私は小学校では級長をやっていた。からだがじょうぶでなく、気も弱かったが男の子たちは結構、私の言うことをきいた。ところが女の子(三年まで共学だった)の方がどうもうまくゆかない。
あるとき先生が「きょう先生は出張するから、あとは級長の君が適当に授業をやって、時間がきたら皆を帰すように」と言い置いて出かけられた。それを私はどうしたことか「君が授業をやりながら待っていなさい」という風に聞き違えてしまった。
先生は四時になっても五時になっても帰ってこない。とうとう皆を六時ごろまで残らせたことがある。サアみんなが怒った。「適当にやれないようなバカな級長は折檻(せっかん)してやる」と言い出した。
■お金を貸す際の「作法」
「金権政治」と批判された角栄であるが、カネにまつわる逸話も多い。
あるとき、新潟競馬に父の馬が出ることになり「こんどこそ勝てる」という話だった。
ところが運悪く、勝つはずの馬がレース中にけがをした。
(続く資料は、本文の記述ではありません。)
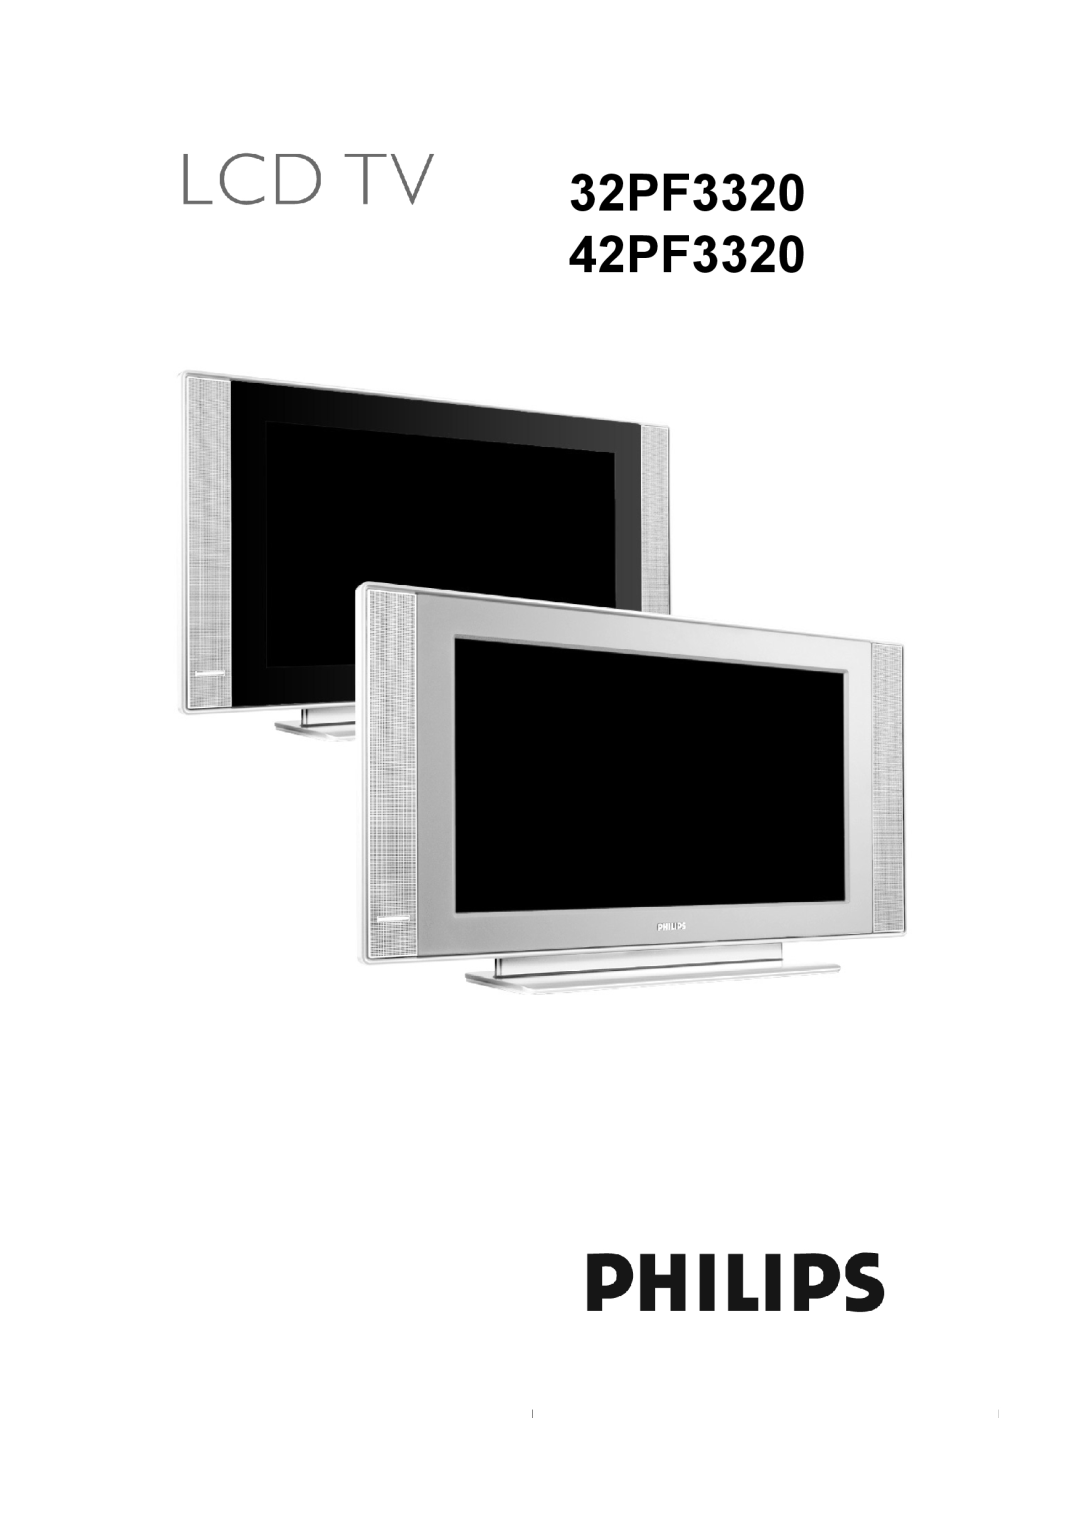 Philips manual 32PF3320 42PF3320

父は家に電報で「五、六十円のカネを送れ」と言ってきた。それだけのカネをどうやって作るか、思案のあげく、親類の近藤という材木屋に借りに行くことにした。
この家の娘を、ゆくゆく私の嫁にという話があったくらいで親しい間柄の家である。母は「カネを借りにお前を行かせたくはない」と嘆いていたが私はそう気にもとめず借金に出かけた。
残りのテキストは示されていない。